LR and SVM showed similar performance across both target variables, indicating their stability across different time frames for this dataset. The XGB model showed a drop in recall for mRS 3 M, suggesting that it may need to be more effective at identifying true positives at three months, as at discharge. Similarly, the RF model showed consistent performance for mRS D but had a drop in recall for mRS 3 M, similar to XGB. The analysis also revealed that the mRS D predictions were more consistently accurate across all models than the mRS 3 M predictions. This result could imply that predicting outcomes at discharge was a simpler task because there was less variability or noise in the data at that time point. Many additional post-discharge factors likely affect mRS 3 M predictions, making the task more challenging.

As previously mentioned, the obesity variable showed a negative correlation with both target variables. It may seem unexpected, but these findings could be affected by the greater number of non-obese patients in the dataset, potentially biasing the statistical analysis. Furthermore, according to the results of the Kruskal-Wallis test, there was no statistically significant difference between the obese and non-obese groups for both mRS D (p-value = 0.06, H-statistic = 3.46) and mRS 3 M (p-value = 0.12, H-statistic = 2.40). However, the near-threshold significance for mRS D might merit further study.
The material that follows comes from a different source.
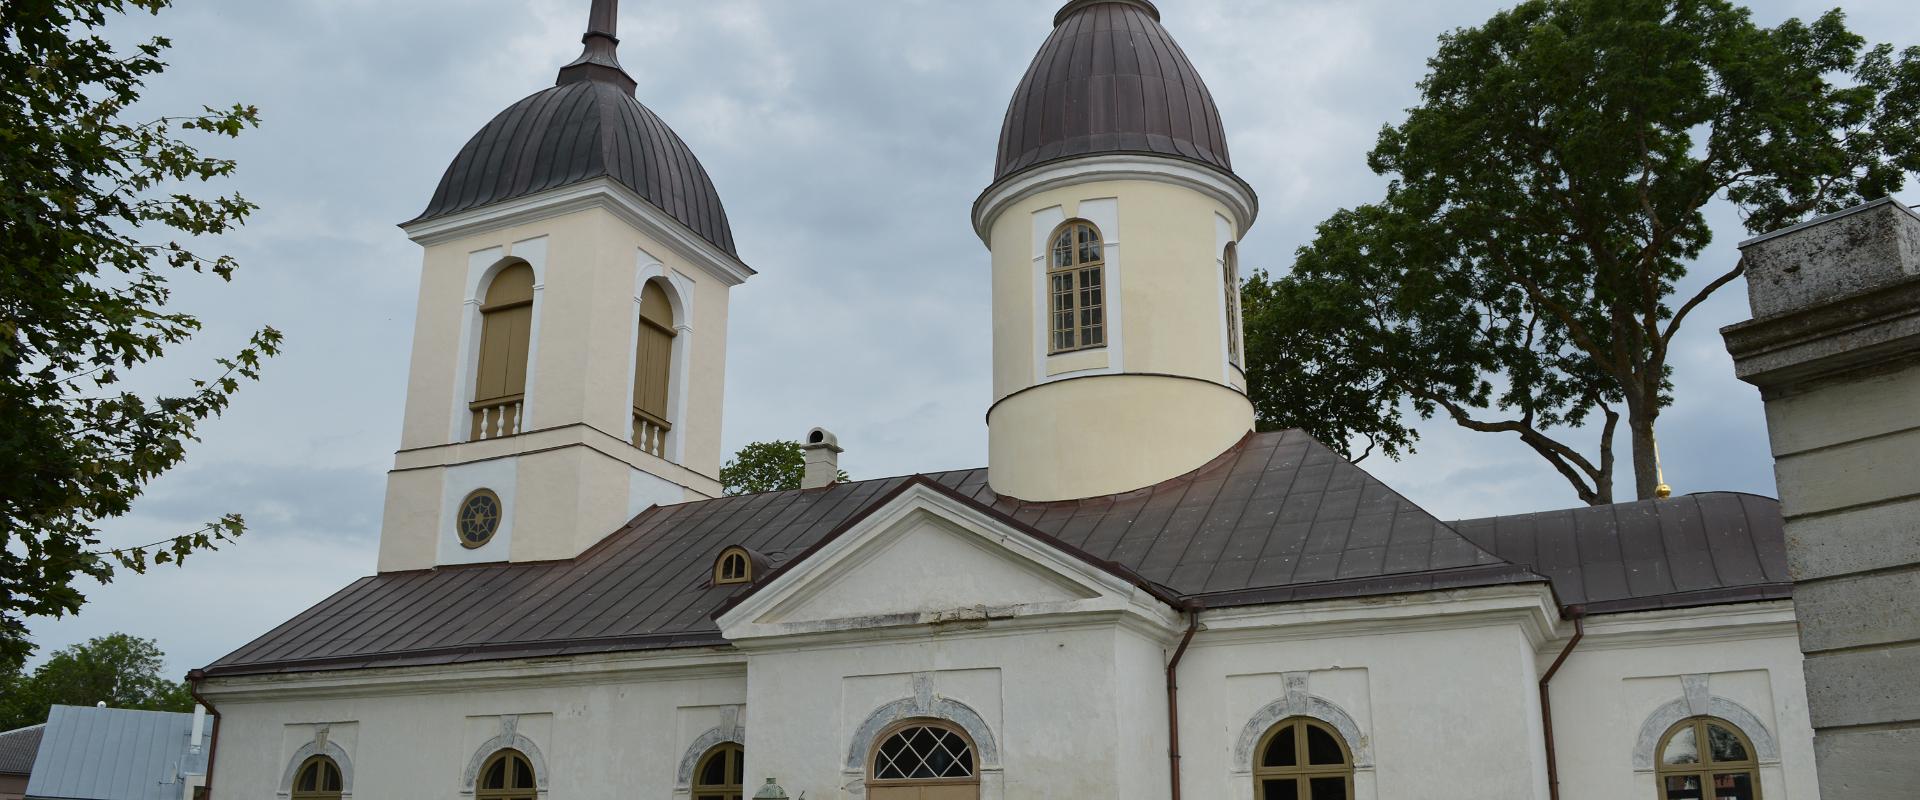 Kuressaare Püha Nikolai kirik (St. Nikolaikirche von Kuressaare)

Likewise, in Dunn's test, there was no evidence suggesting that obesity has a statistically significant impact on mRS D and mRS 3 M for any of the analyzed stroke types (Table 5). This finding was consistent with the Kruskal-Wallis test results, which showed an overall difference that was borderline significant but inconclusive.

Table 5.

Results of Dunn's Test.

	Ischemic Stroke	Haemorrhagic Stroke	Stroke Mimic	Transient Ischemic Attack
H-statistic	1.36	0.27	0.25	0.67
p-value	0.24	0.61	0.62	0.41

Finally, we applied SHAP analysis to interpret the XGB model's results, which achieved the highest AUC for classifying patient prognosis. This analysis was used not only to assess feature importance but also to examine its temporal progression, offering new insights into how prognostic influences shift throughout the stroke recovery timeline. The SHAP results for the XGB model revealed the most significant factors affecting mRS scores and their temporal trends (Figures 3 and 4). The pattern changed slightly in the final period, with additional important features emerging.

Figure 3.

Importance ranking of features on (A) mRS D and (B) mRS 3M.

Figure 4.

Impact of each feature (SHAP value). (A) on mRS D. (B) on mRS 3M.

Our study revealed that NIHSS and age consistently predicted immediate and short-term disability outcomes, consistent with previous studies (Asadi et al., 2014; Heo et al., 2019; Zihni et al., 2020). Additionally, time metrics emerged as influential factors, highlighting the importance of prompt medical intervention. This finding aligns with previous studies, which emphasize the importance of timely admission (Heo et al., 2019). For instance, patients with higher NIHSS scores or advanced age may require more intensive, individualized rehabilitation strategies to optimize recovery. At the same time, early intervention and rapid hospital admission can enhance the effectiveness of rehabilitation programs by reducing the extent of initial neurological damage and integrating these predictive factors.

The mRS D was influenced by patients’ post-discharge destinations, emphasizing the impact of post-acute care environments. This factor, rarely discussed in literature, emphasizes the need for effective post-discharge planning. Our study also highlighted new factors, including dyslipidemia, the importance of thrombolysis, diagnosis, and the TOAST classification, underscoring the multifaceted nature of stroke recovery.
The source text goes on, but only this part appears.